Founder of Earth Day warns of overpopulation


By GREGORY FOLEY
Express Staff Writer

More than three decades after founding Earth Day, Gaylord Nelson, 87, remains profoundly passionate about his mission to raise public awareness of environmental issues.

Nelson, who served as governor of Wisconsin from 1959 to 1963 and a U.S. senator from 1963 to 1981, still works daily as a counselor for The Wilderness Society, the Washington D.C.-based environmental organization. As such, he is a tireless advocate for the preservation of natural resources.

In Sun Valley last week for a meeting of the National Governing Council of The Wilderness Society, Nelson served as the keynote speaker of the event’s celebratory dinner. He joked about partisan politics and even called upon the words of former Vice President Dan Quayle to get a few laughs from his audience.

One of the most humorous things he had ever heard, he said, was a comment made by Quayle during his four-year tenure in the George Bush Sr. administration. "It isn’t the pollutants that are harming the environment," Nelson quoted Quayle. "It’s the impurities in our air and water."

However, Nelson spoke with a more serious tenor last Friday in an interview with the Idaho Mountain Express at Sun Valley Lodge. First and foremost, he warned of the perils of impending overpopulation and the tendency of elected officials of all political persuasions to avoid tackling key environmental issues.

Nelson said he believes the United States needs to act promptly to protect more natural areas, largely because public lands will be subject to explosive degrees of pressure in the next century from an ever-expanding population.

"We ought to preserve as much of the natural areas as we can because they’re disappearing rapidly," Nelson said.

He noted that there were 98 million people in the United States when he was born in Clear Lake, Wis. in 1916. The figure climbed to 280 million in 2000, and is expected to reach 500 million by around 2060, he said.

"The presidents and Congresses are not even discussing what’s going to happen to the United States," he said. "What will be left of the natural areas when we hit 500 million or a billion? There will be very few open spaces and places for wildlife."

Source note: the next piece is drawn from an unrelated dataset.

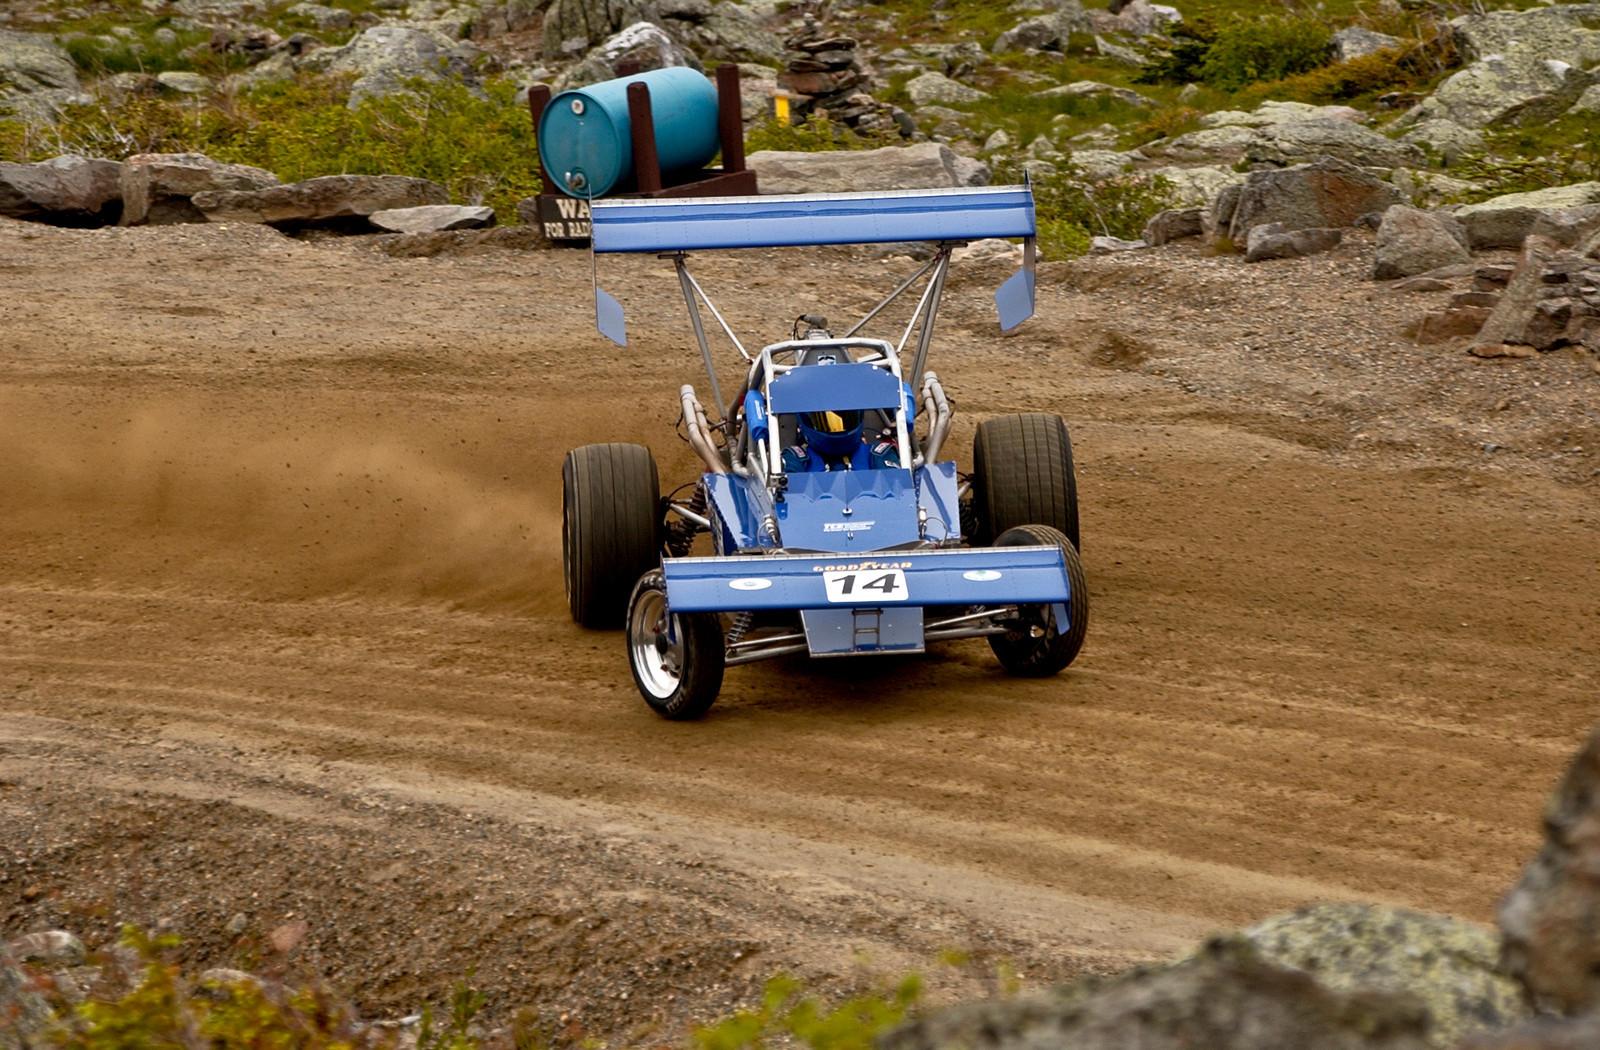 Wells Coyote Race Car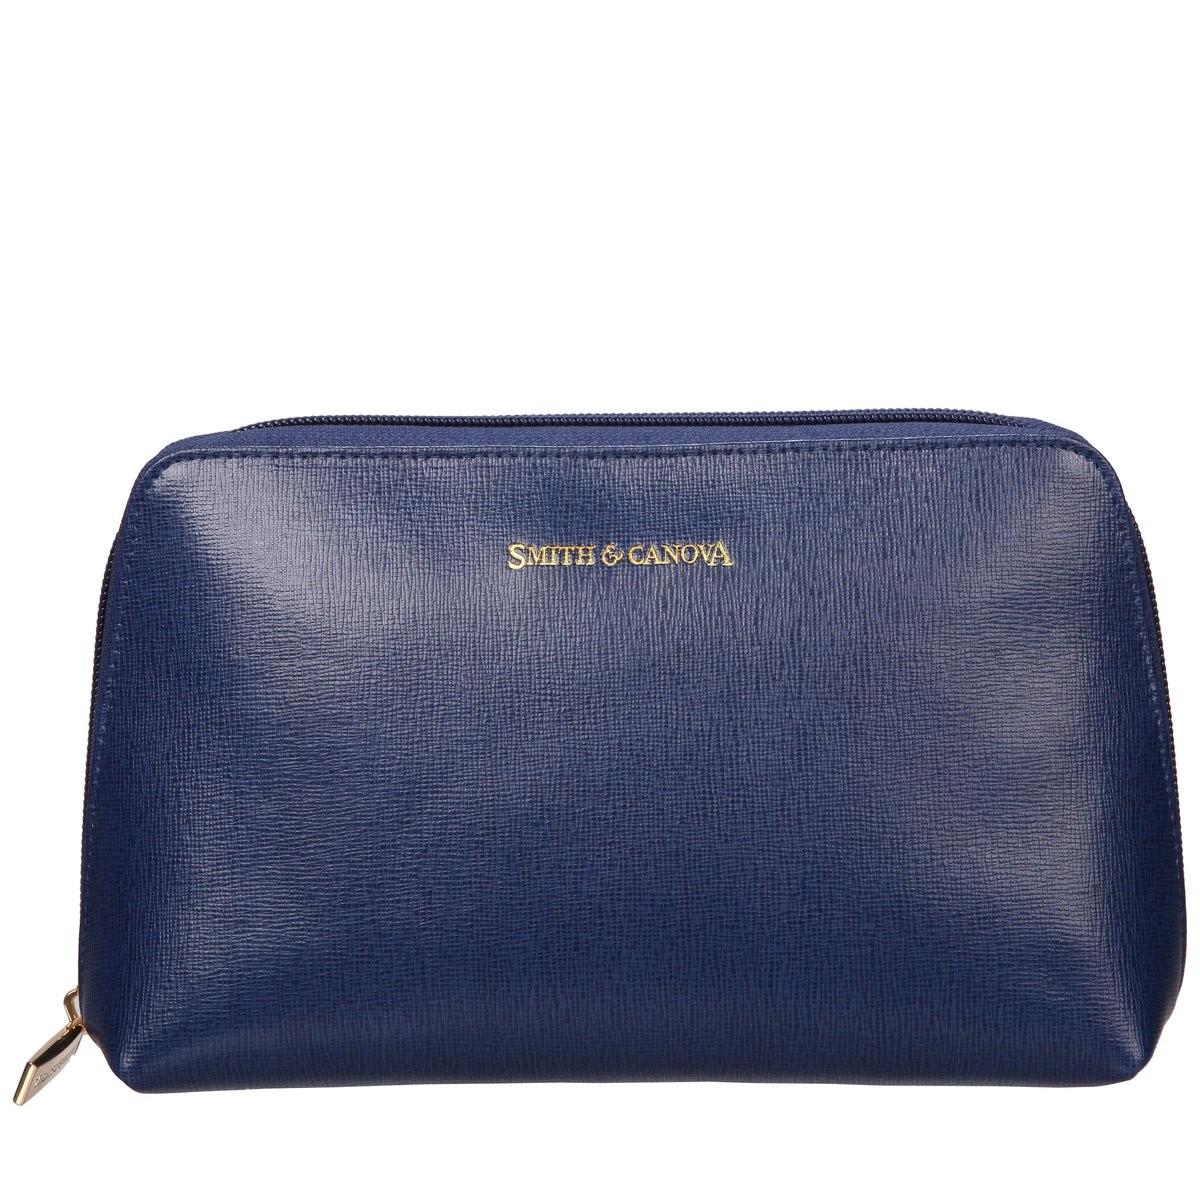 43ce82ec928 Zip Top Cosmetic Bag - Smith   Canova

Nelson said he is gravely concerned that the millions of people that now inhabit the nation are not using their natural resources in a sustainable fashion. "Creating sustainability is our greatest challenge," he said. "All the issues fold into that…

"At least the president and Congress ought to be conducting hearings on sustainability, but nobody’s talking about that."

The former senator said he has embarked on a campaign to encourage the White House to render a "State of the Resources" address every year, scheduled with the same regularity and fanfare as the "State of the Union" address.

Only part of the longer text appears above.